**What is required**
Could you retype every line below exactly, omitting the images?

**Information provided**

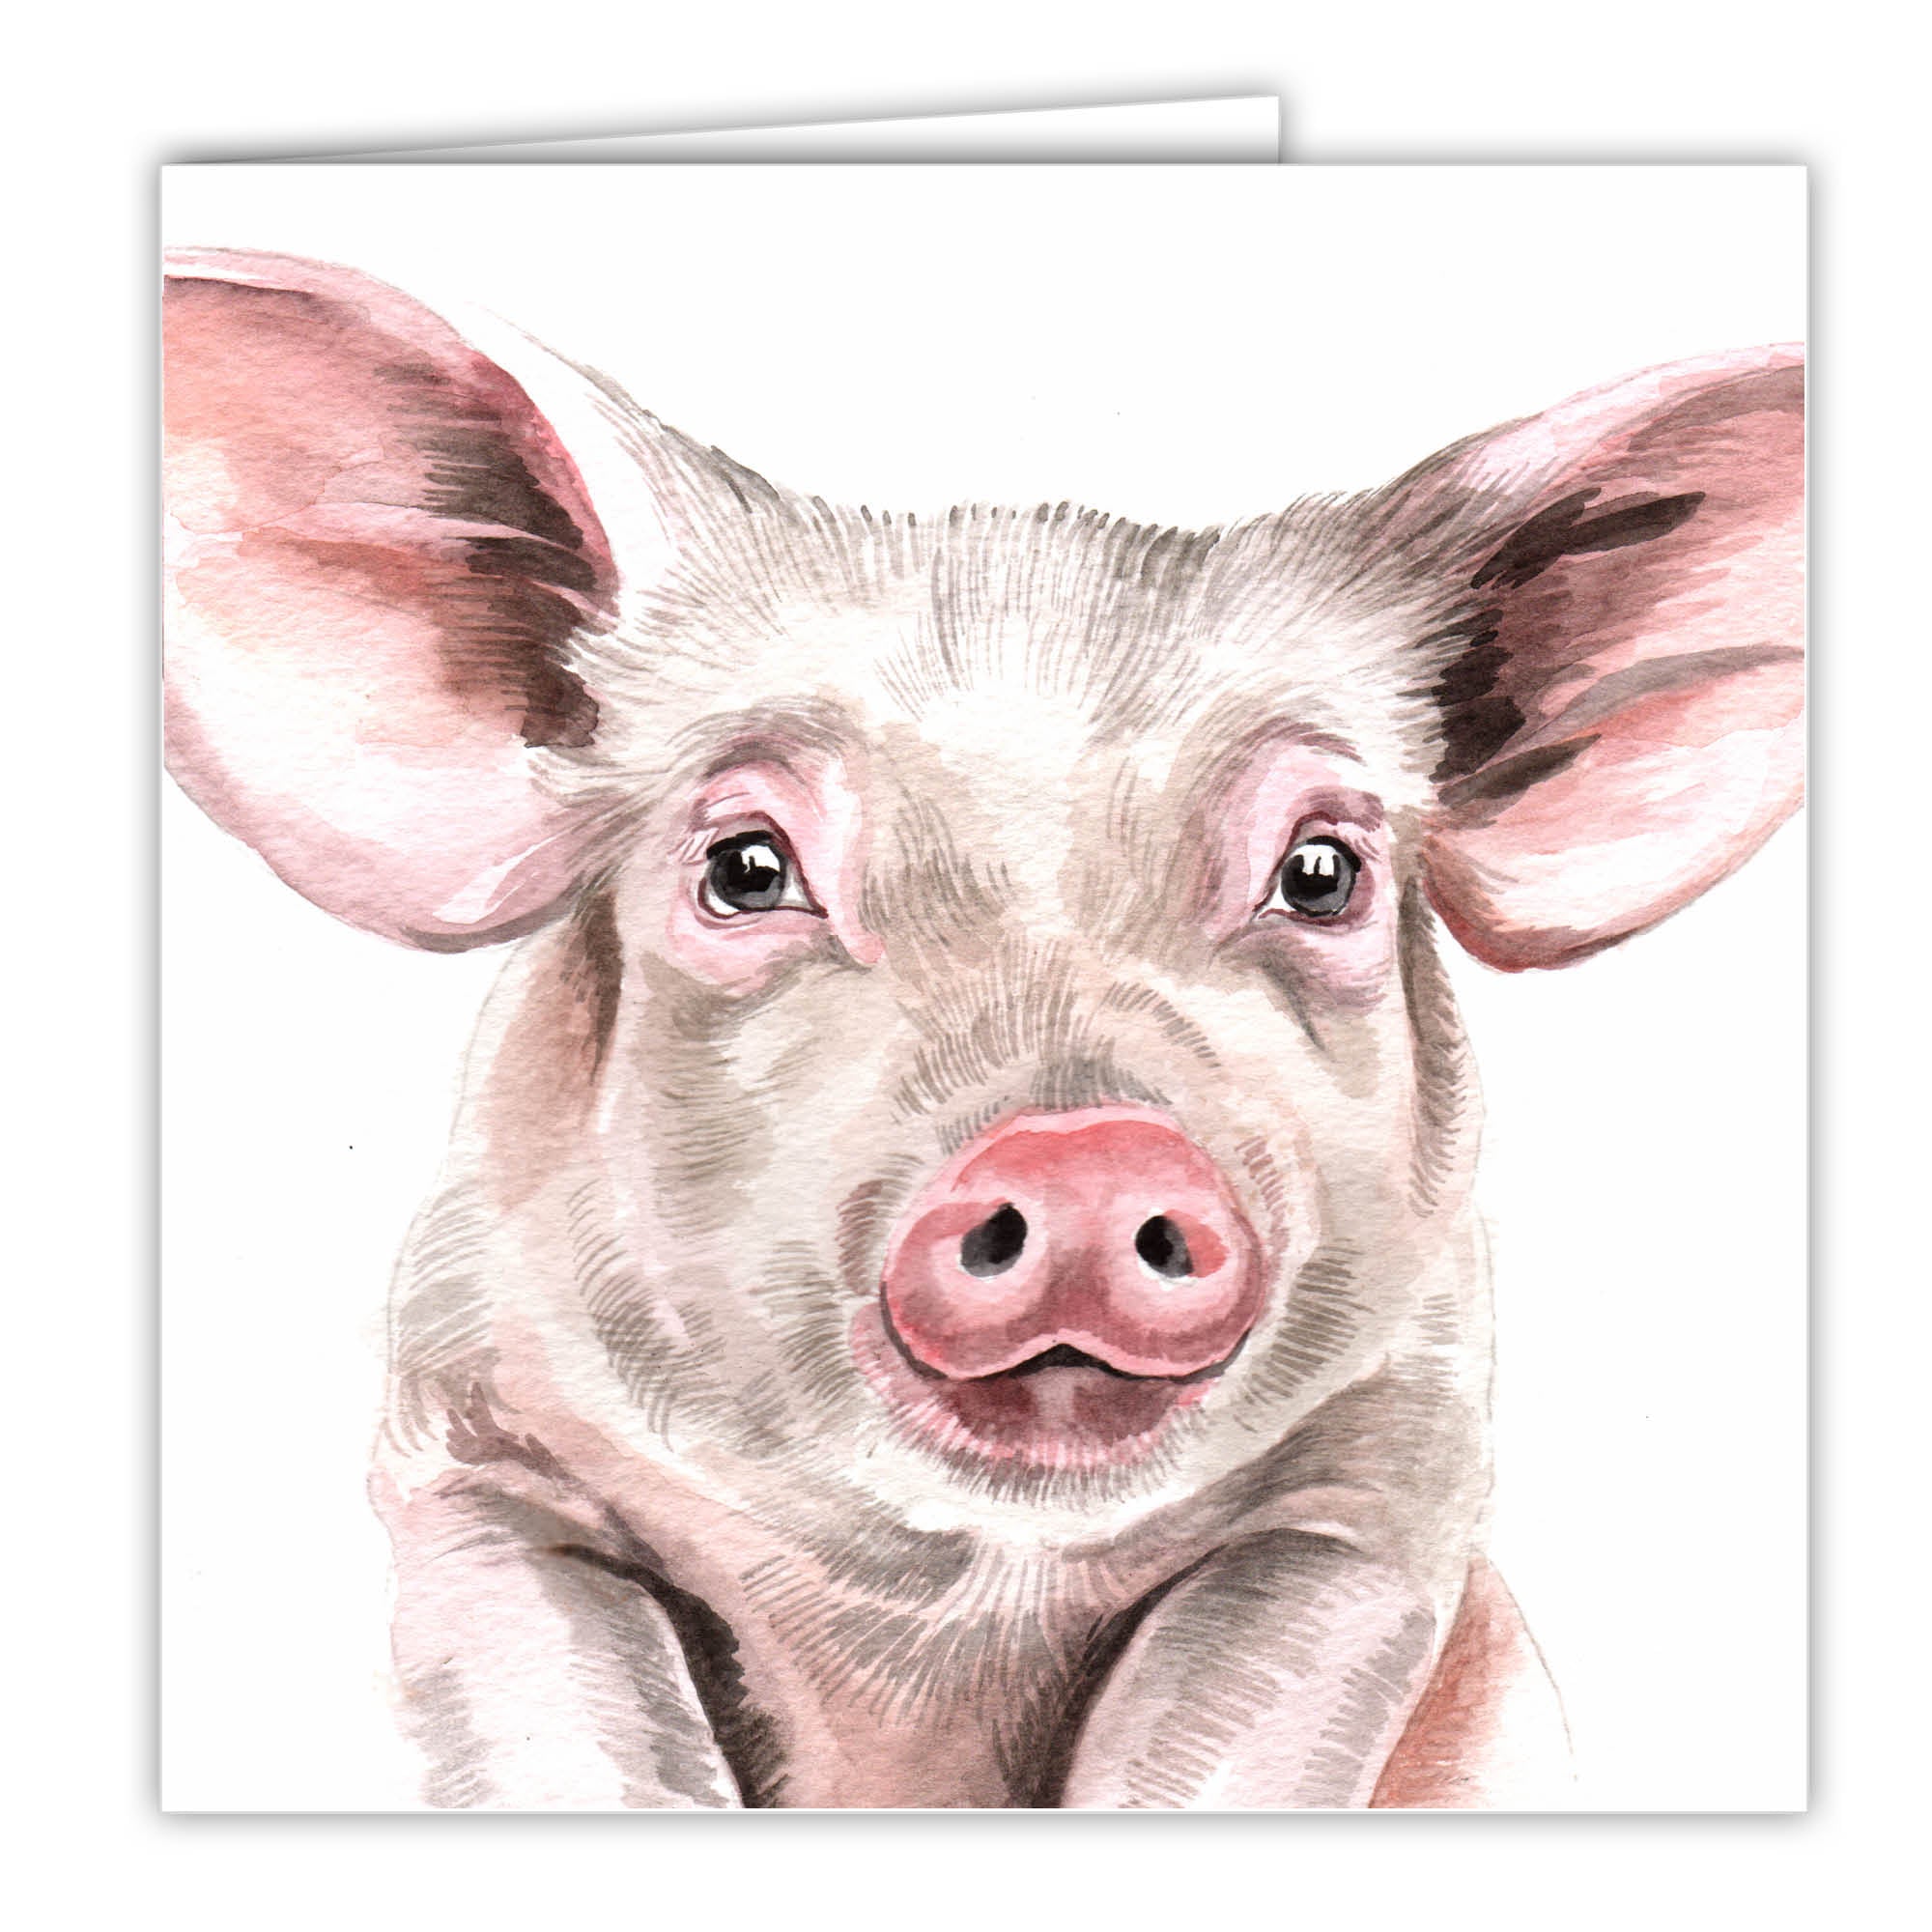 Pig Card
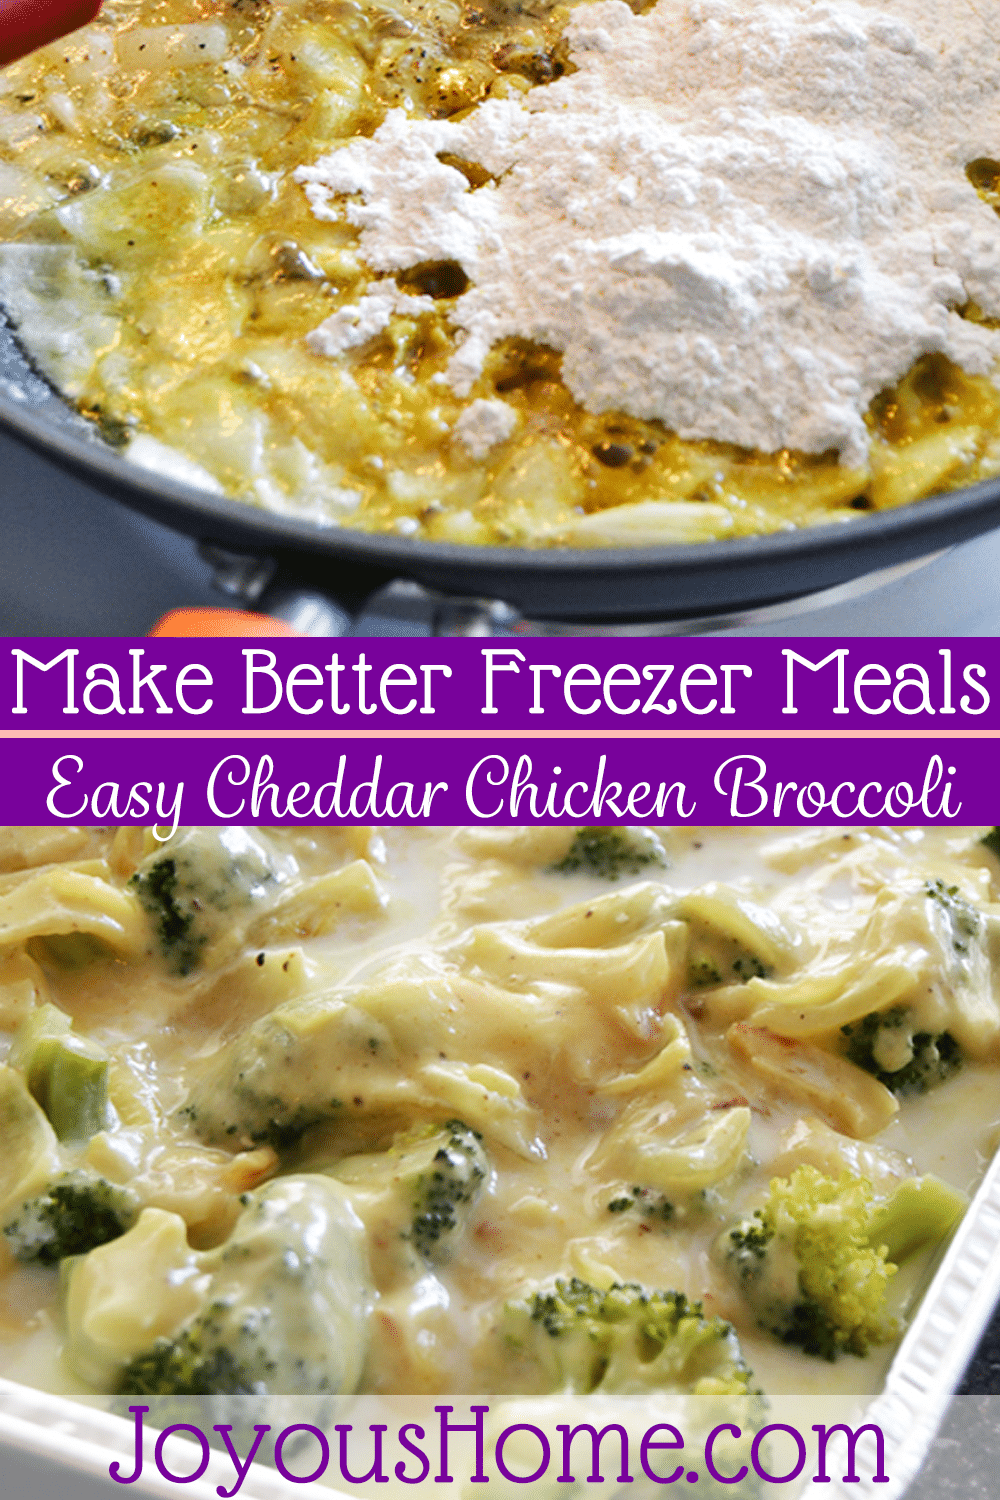 Make Better Freezer Meals - Cheddar Chicken Broccoli
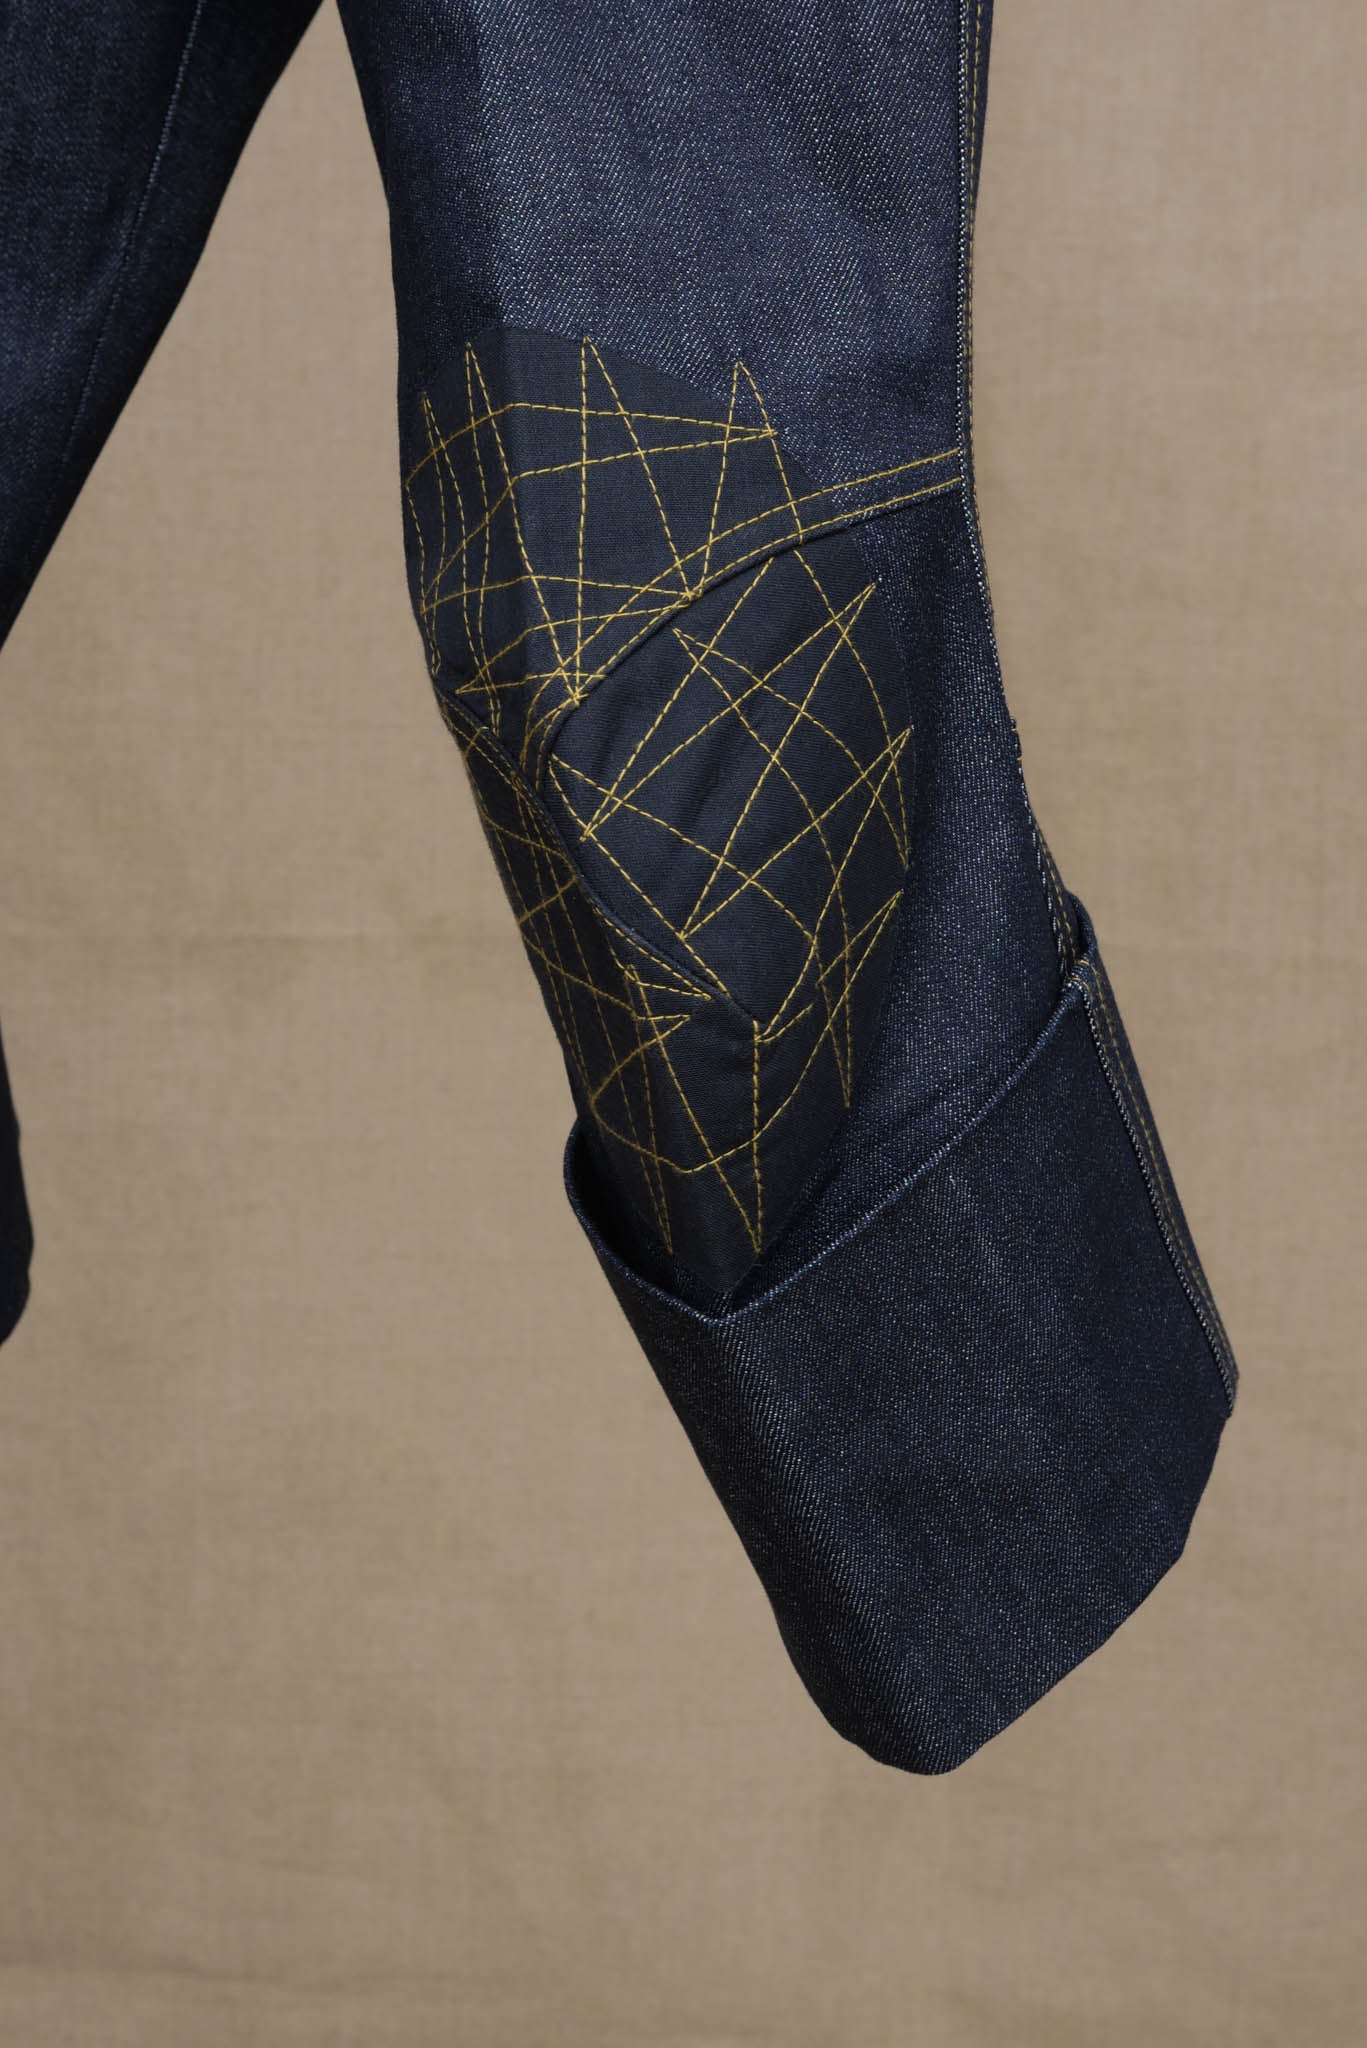 Trousers 733- Cotton100% Denim- Black Facing Patch- Yellow Stitch

**Answer to the problem**
 Pig Card
 Make Better Freezer Meals - Cheddar Chicken Broccoli
 Trousers 733- Cotton100% Denim- Black Facing Patch- Yellow Stitch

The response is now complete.